**What is expected**. Your copy should contain exactly the lines from the start of the listing through the line that holds "A splendid ensemble", and no pictures.

**Provided material**.
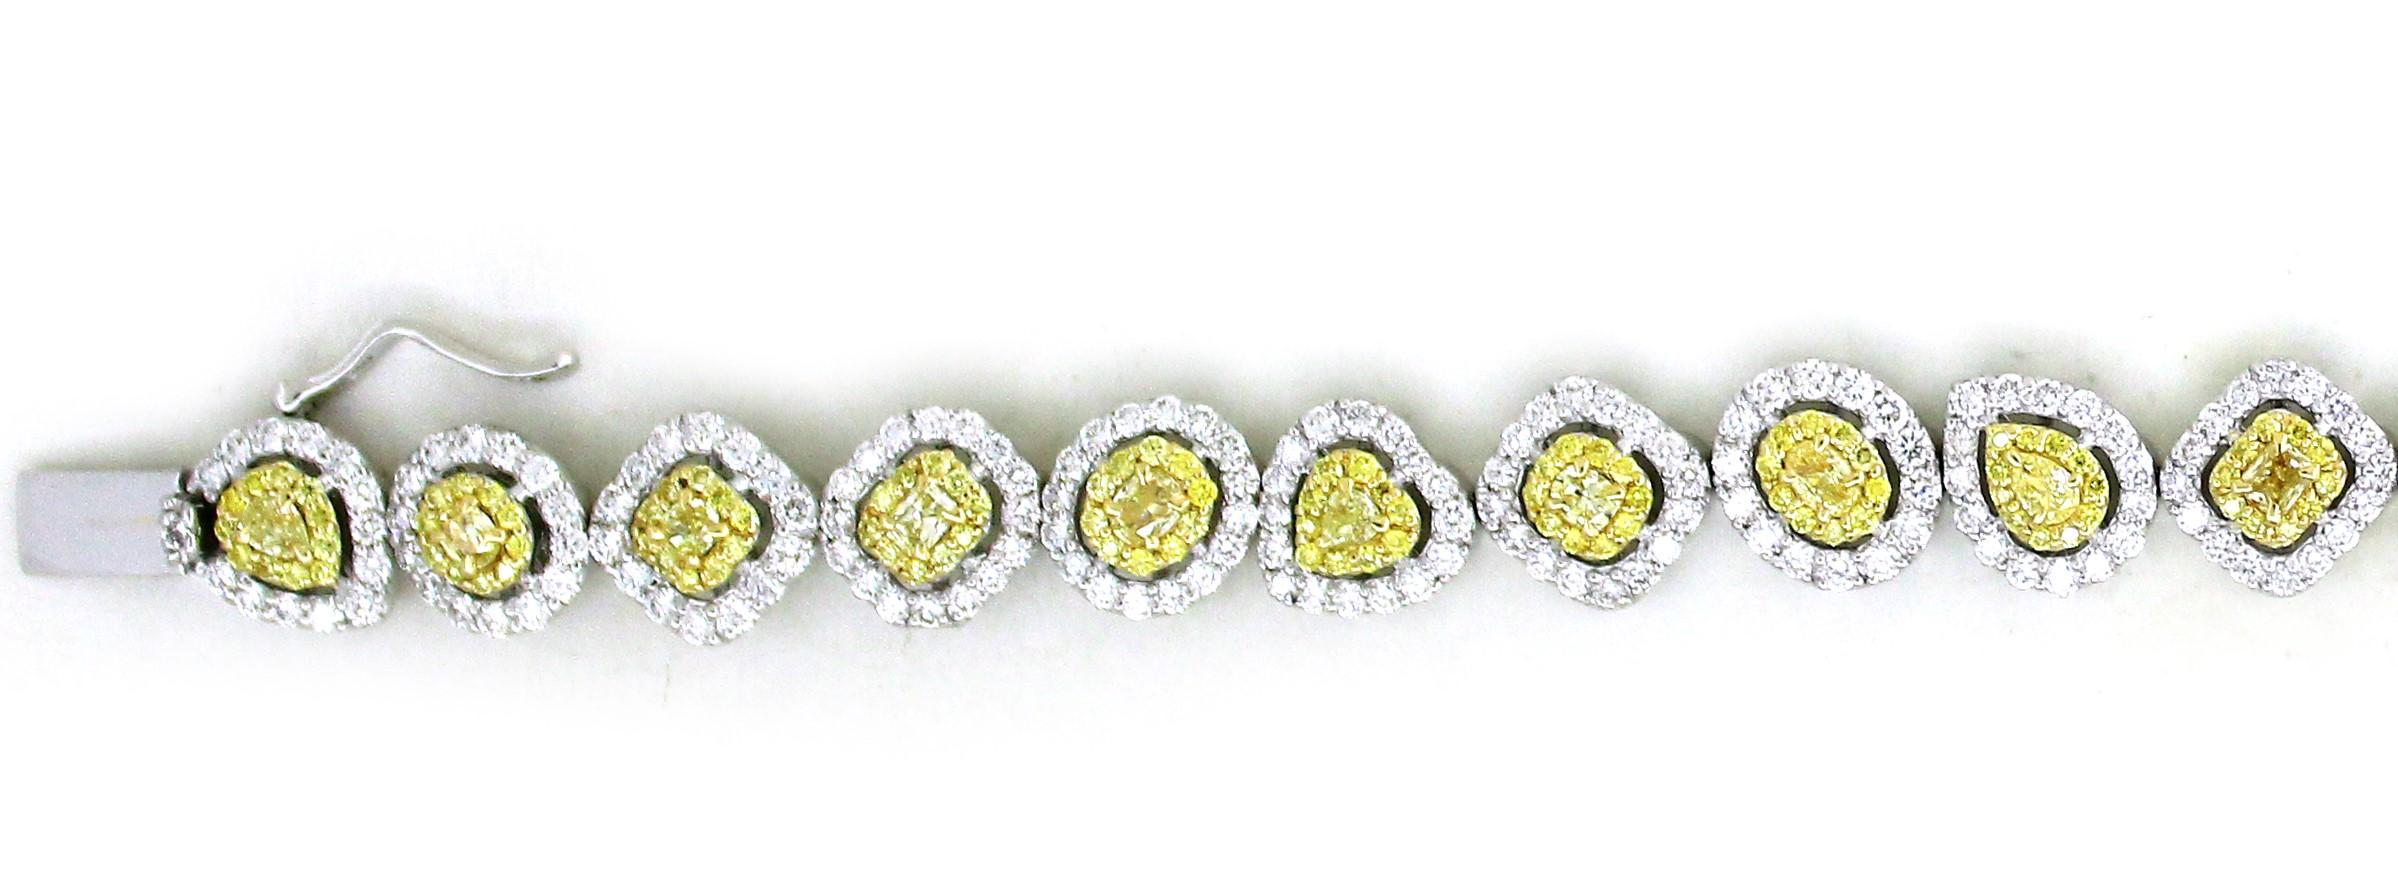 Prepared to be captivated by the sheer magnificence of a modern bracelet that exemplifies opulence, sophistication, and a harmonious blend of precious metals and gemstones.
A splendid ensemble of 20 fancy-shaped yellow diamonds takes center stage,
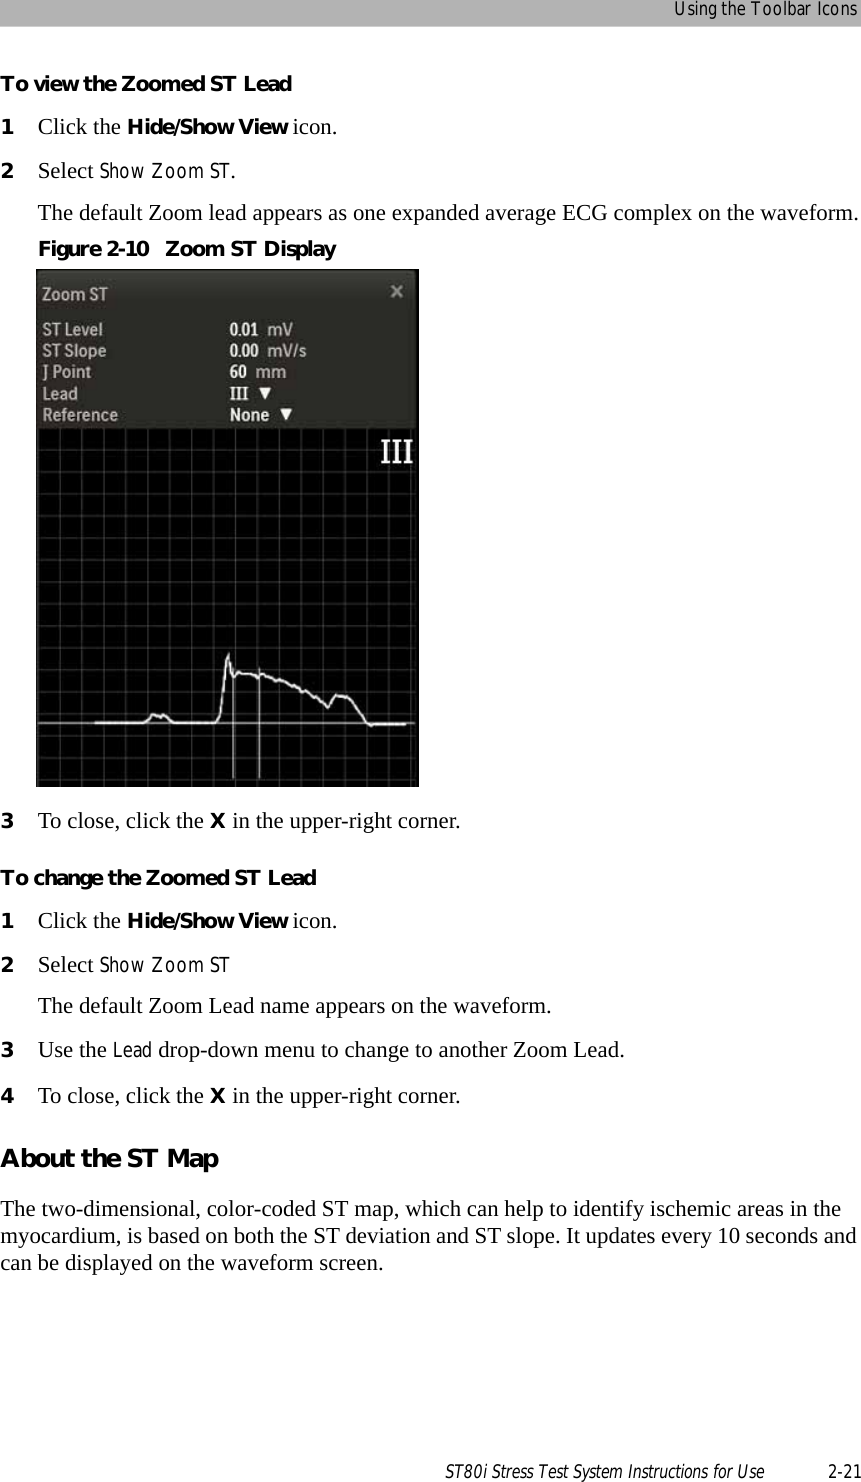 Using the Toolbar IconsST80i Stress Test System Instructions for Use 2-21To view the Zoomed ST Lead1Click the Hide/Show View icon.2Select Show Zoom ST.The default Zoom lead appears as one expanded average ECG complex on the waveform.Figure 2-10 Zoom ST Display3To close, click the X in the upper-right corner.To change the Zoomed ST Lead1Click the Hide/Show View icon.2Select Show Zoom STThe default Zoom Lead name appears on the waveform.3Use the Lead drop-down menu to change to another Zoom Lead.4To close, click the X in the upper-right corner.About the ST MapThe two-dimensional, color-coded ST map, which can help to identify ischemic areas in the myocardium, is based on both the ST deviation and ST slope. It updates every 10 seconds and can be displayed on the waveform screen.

**Response to this exercise**.
 Prepared to be captivated by the sheer magnificence of a modern bracelet that exemplifies opulence, sophistication, and a harmonious blend of precious metals and gemstones.
A splendid ensemble of 20 fancy-shaped yellow diamonds takes center stage,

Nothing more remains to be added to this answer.